EXERCISE PROMPT - Give back exactly the lines starting at the one with "Sir Robert Peel" and ending at the last line of the data below. Pictures are not part of the copy.

INPUT DATA -

==*==

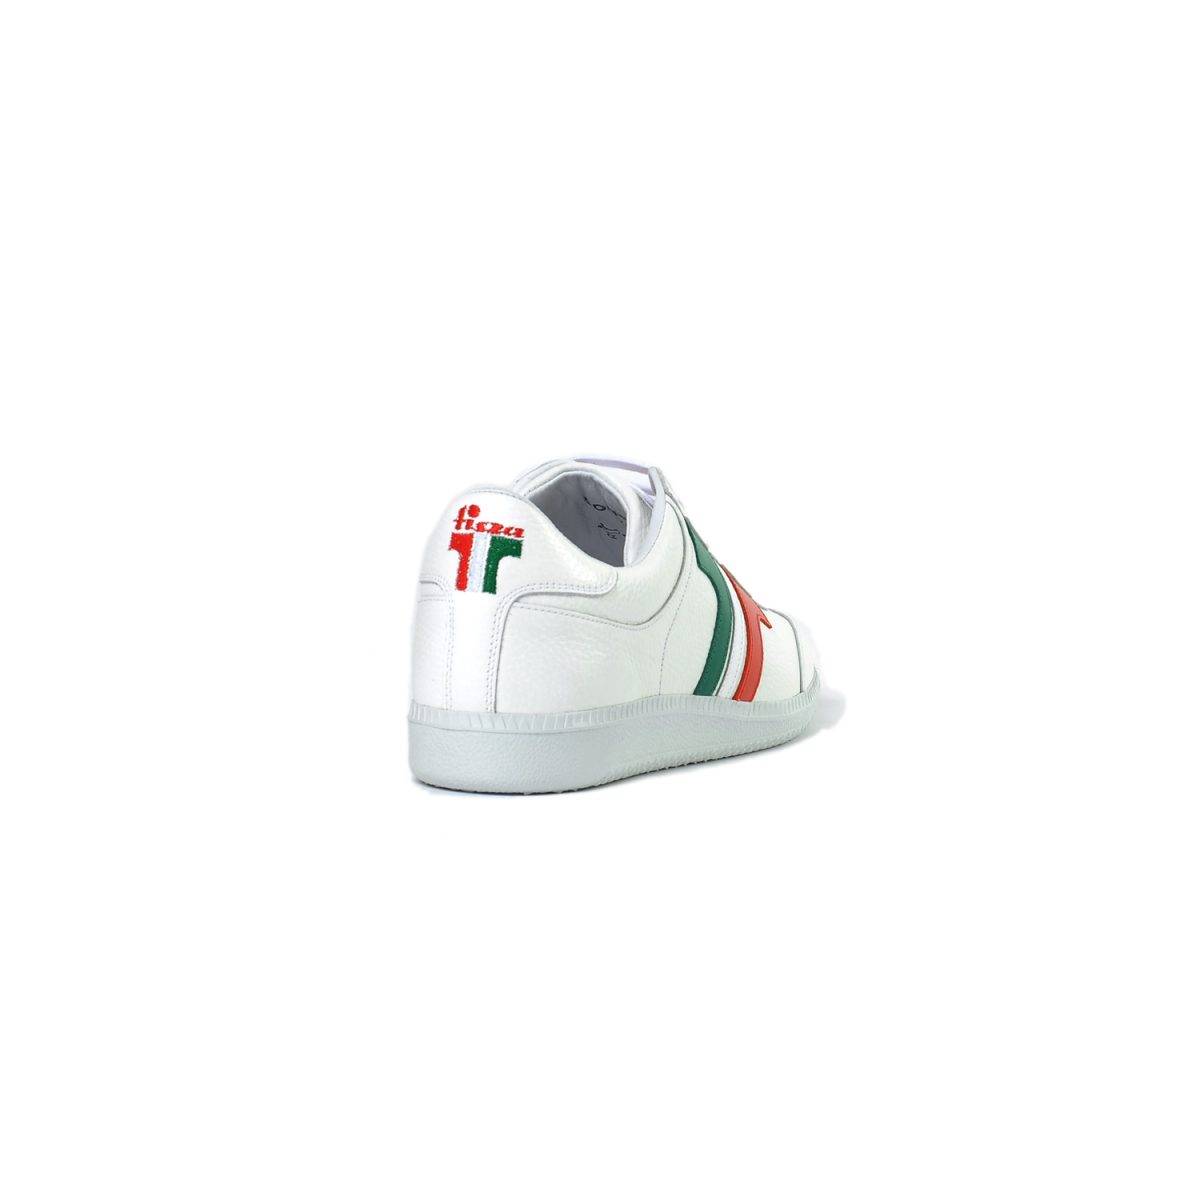 Tisza shoes - Compakt - White-tricolor
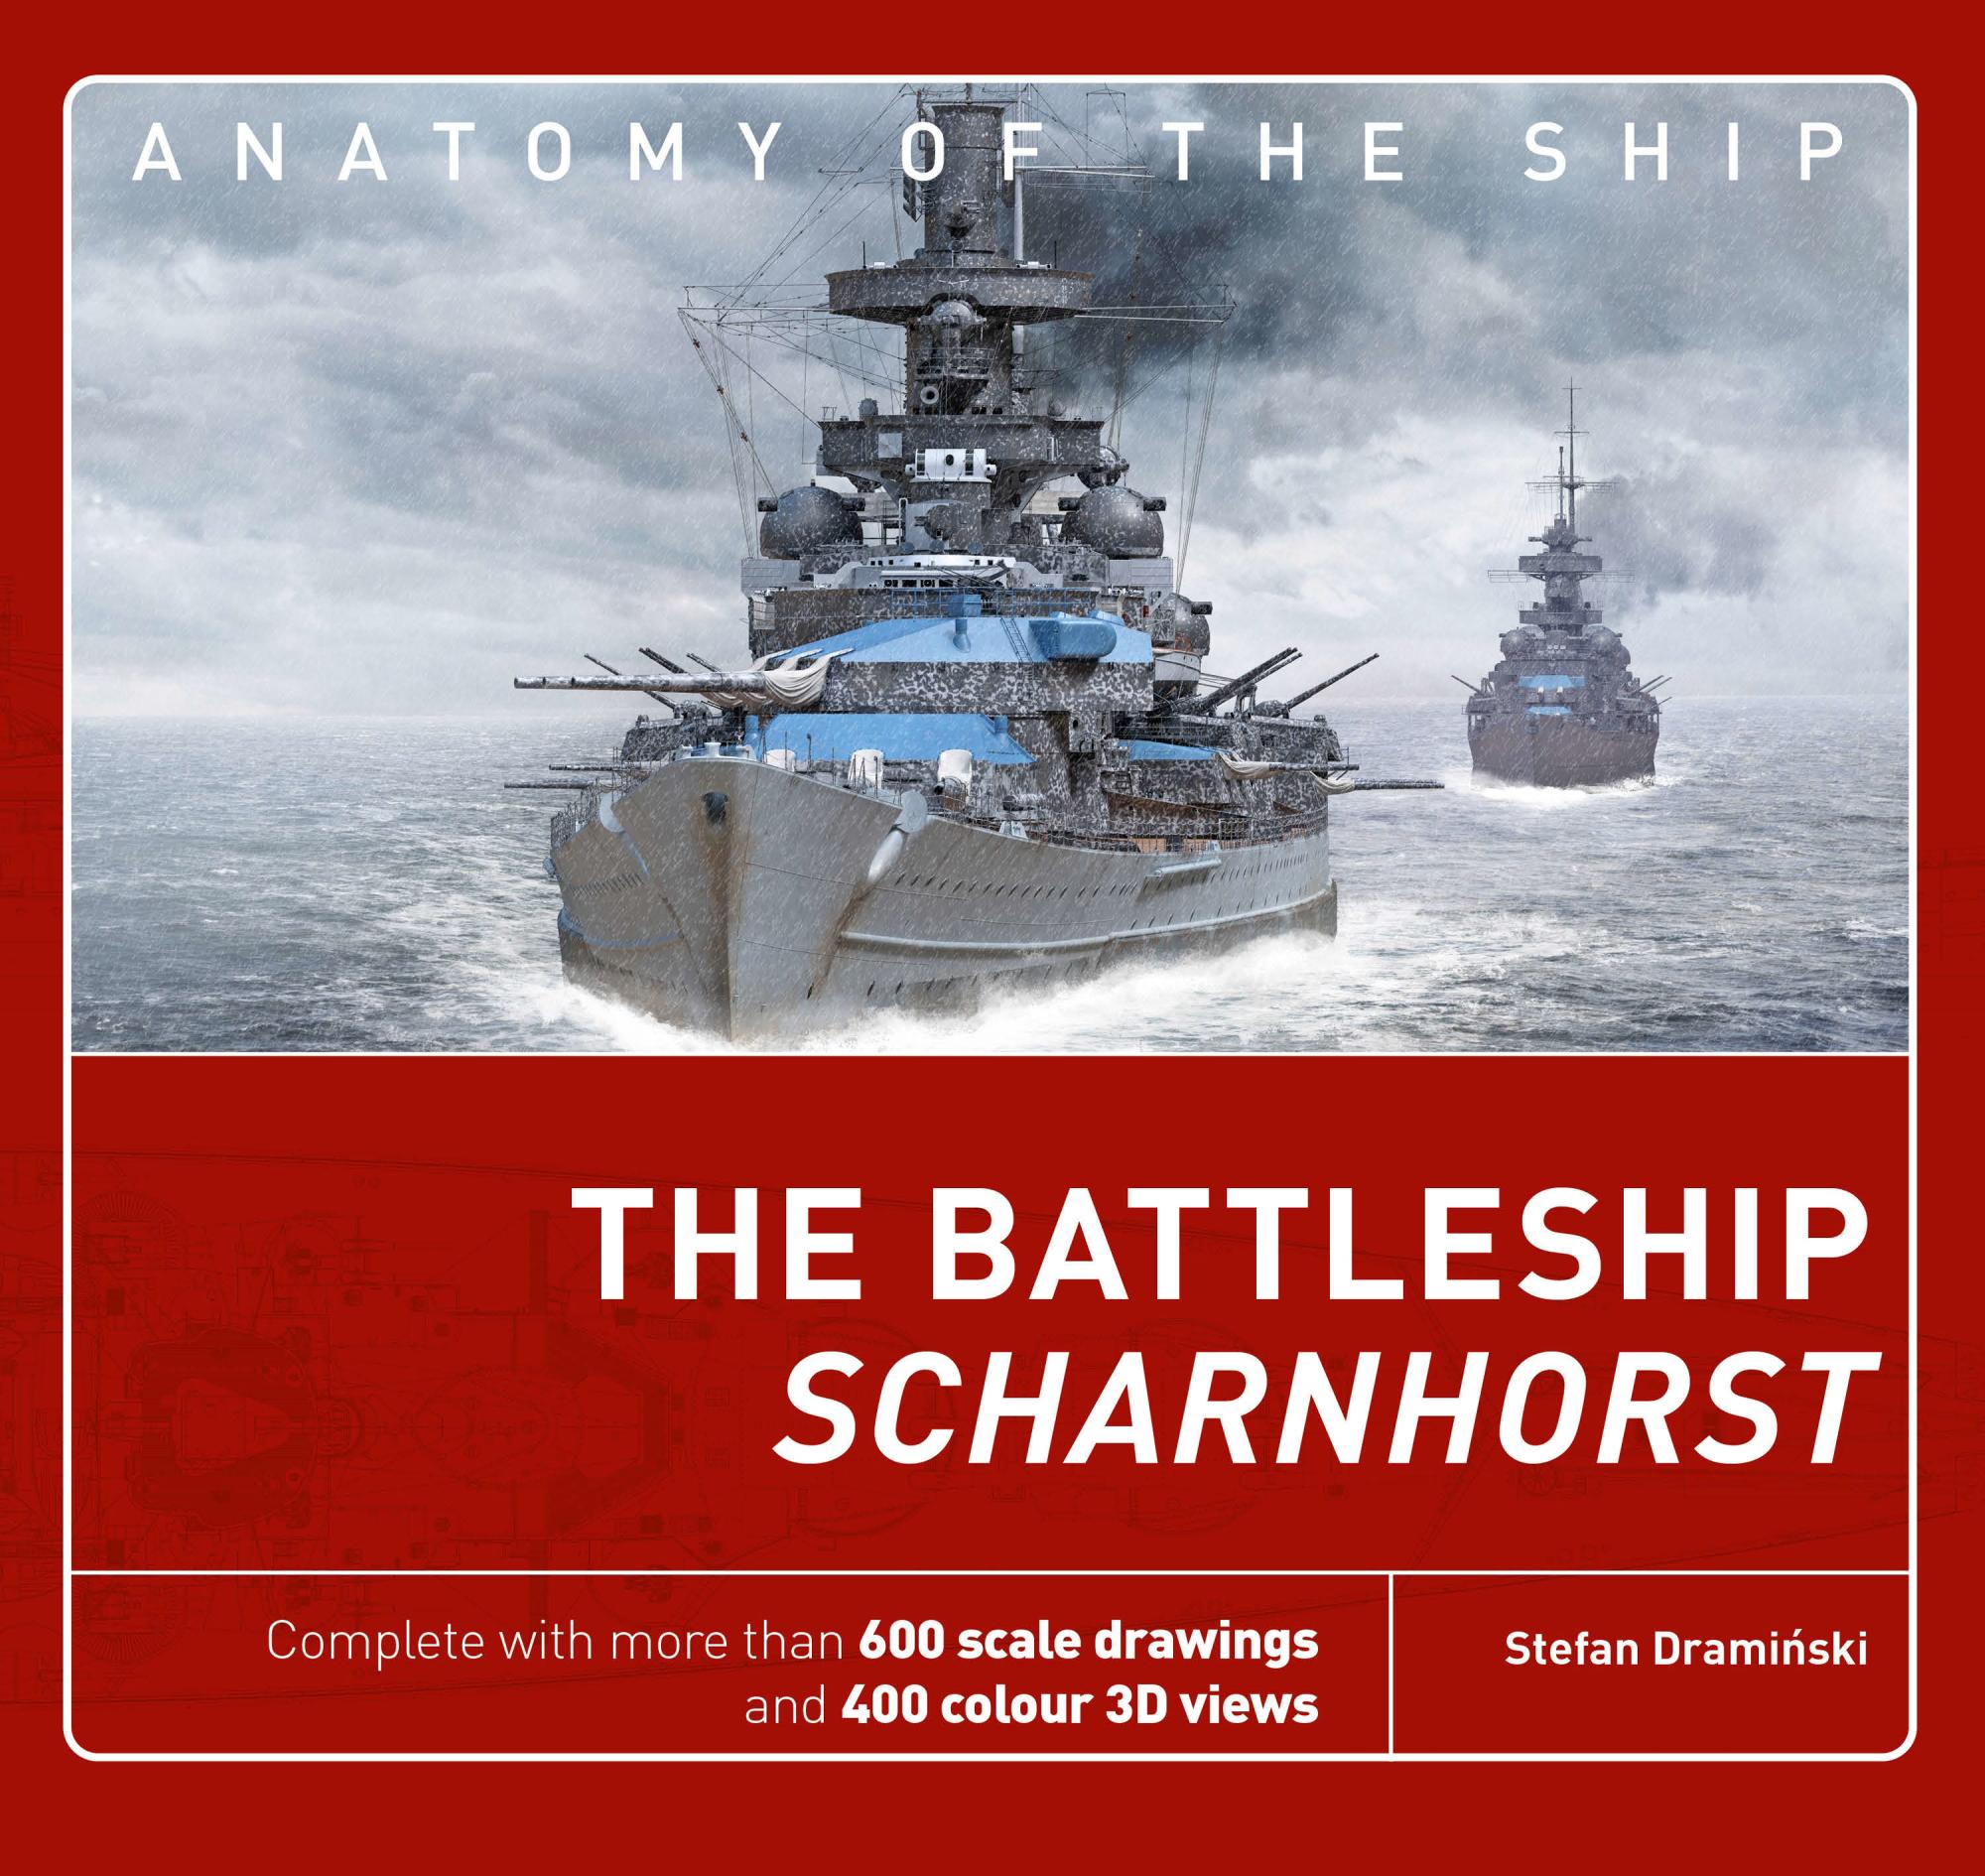 AotS_The_Battleship_Scharnhorst_03.jpg
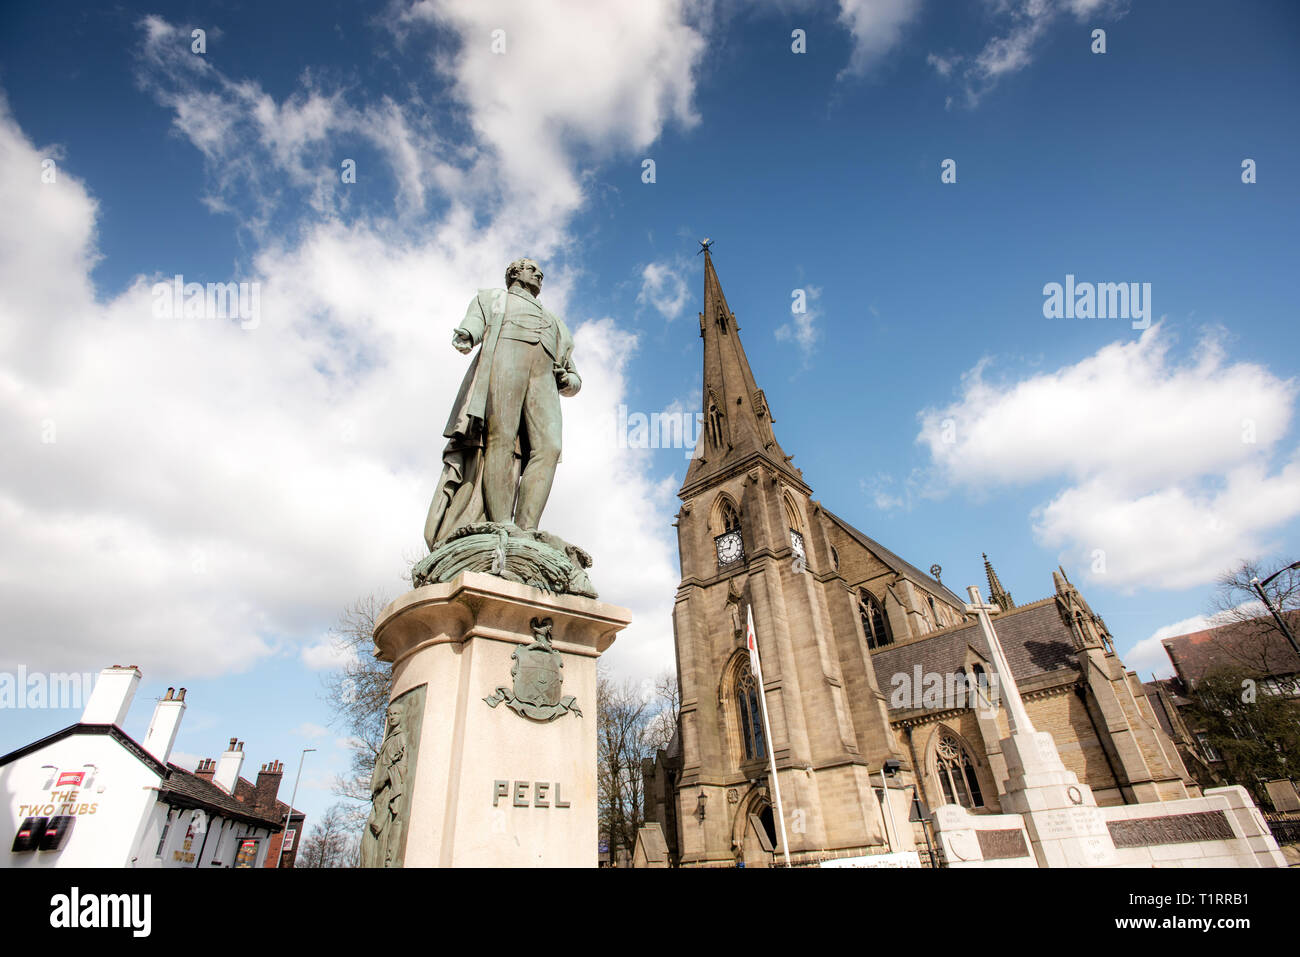 Sir Robert Peel Statue mit der Pfarrkirche St. Maria, der Jungfrau, im Hintergrund. Bury, Lancashire. Stockfoto
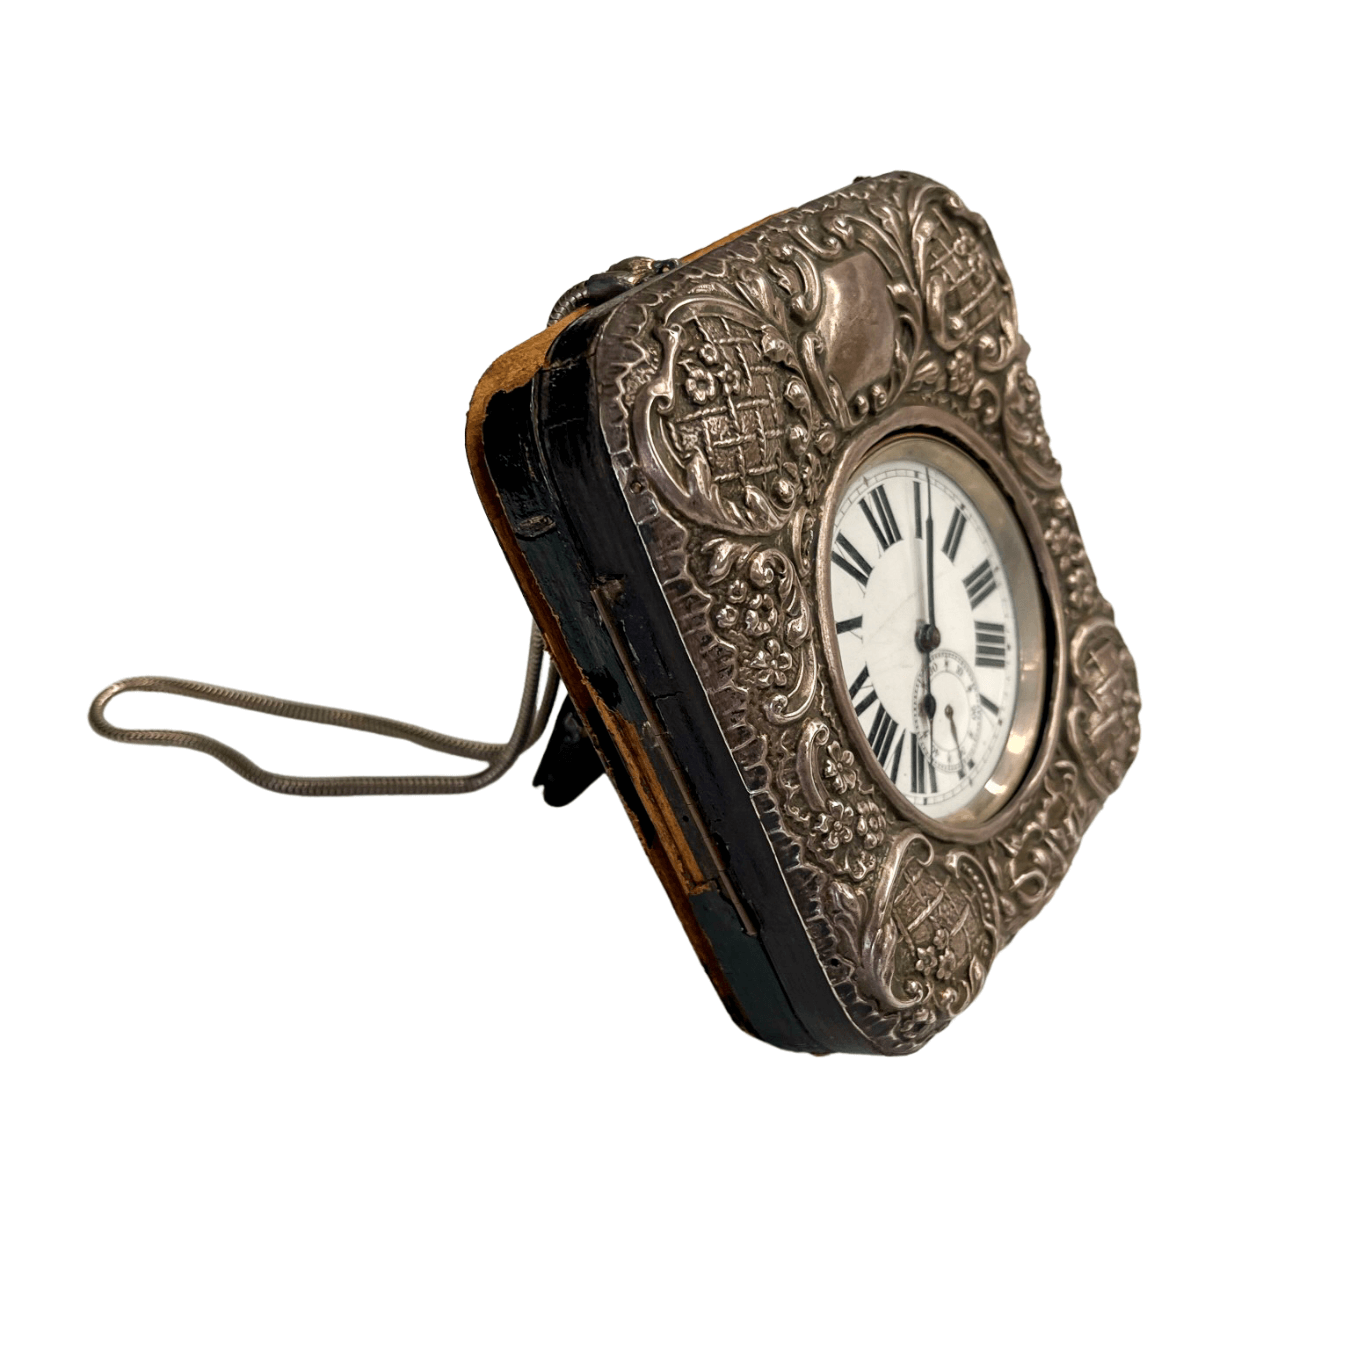 Relógio Antigo Argentan de 1891

==*==

OUTPUT OF THE TASK -
 Sir Robert Peel Statue mit der Pfarrkirche St. Maria, der Jungfrau, im Hintergrund. Bury, Lancashire. Stockfoto
 Relógio Antigo Argentan de 1891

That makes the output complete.